What to do
with GalaxSee once you have it installed on your computer!
GALAXSEE is a
scientific modeling (simulation) with visualization tools that allows students
to solve for the position and movement of masses under the influence of their
mutual gravitational attraction. Many systems in the universe can be described
as masses moving under the influence of their mutual gravitational attraction.
Stars in a galaxy are one such system and that is why this modeling simulation
is called GALAXSEE. Major planets and minor planets, asteroid and comets,
moving around their central star like our solar system is another system that
GALAXSEE can describe and allow students to be computational scientist.

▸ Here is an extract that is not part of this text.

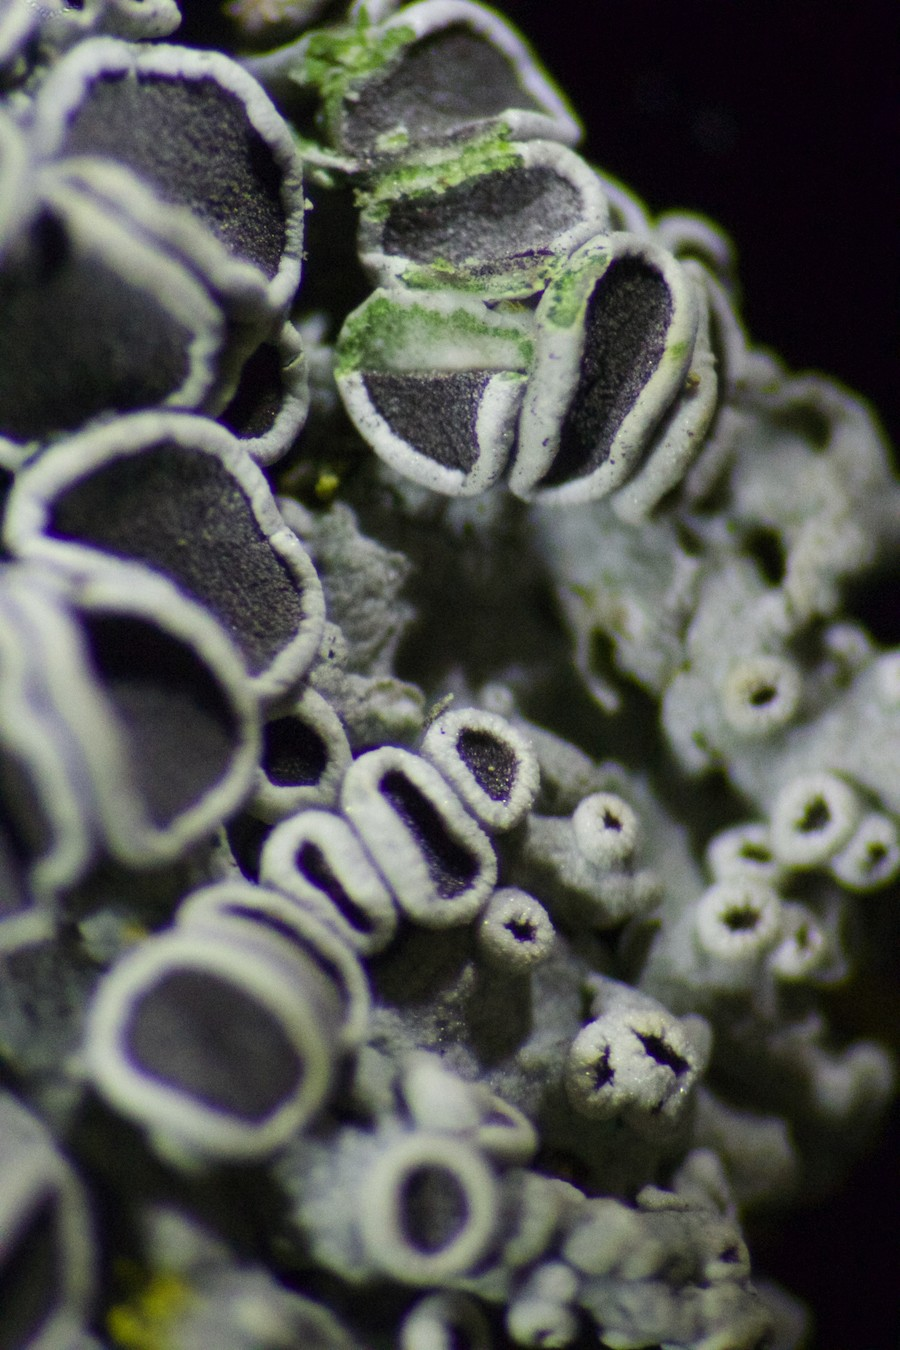 Lichen - ANDREW SCARPELLI

Galaxies interacting with one another in clusters of galaxies are another place
in the universe that GALAXSEE describes. Because of the increased speed in
computers and because of their increase in memory many personal computers now
have the power that just a few years ago only research scientist at the most
elite universities had access to. GALAXSEE is very close to a real cutting edge
research tool. When used in an imaginative way it probably is capable of
publishable science in peer reviewed journals. The interface to the simulator
is sufficiently simple and the results of the calculation a visualization so
clear that middle school and above students should be able to use it. First in
guided activities and latter in real exploration to answer questions of their
own devising.
Every object in
GALAXSEE has a mass, a position (x-position, y-position, and z-position), and a
velocity (V-x direction, V-y direction, and V-z direction). GALAXSEE uses
Newtonian dynamics and the Newtonian universal law of gravity to evolve the
particle masses positions and velocities in time. The masses are displayed
moving in perspective as the positions and velocities of all the masses are
updated.
The initial
model may be created by using the program if it is a galaxy or by specifying
the mass, a position (x-position, y-position, and z-position), and a velocity
(V-x direction, V-y direction, and V-z direction) for each particle in a spread
sheet program on an ordinary text editor like notepad.
Open the
colliding-disk.gxy galaxies and run them for a few billion years (in simulated
time not real time) and watch them collide send me and e-mail about the
results. If you are sophistocated enclose the saved galaxy as an attachment and
tell me how many billion years you ran the simulaton by what Show info say for
time. You may need to increase the Star Size under View to see the red galaxies
stars, I needed to do this to see the red galaxy's stars.
GalaxSEE is an
experiment in education to see how to get regular Introductory Astronomy
Students to use GalaxSEE.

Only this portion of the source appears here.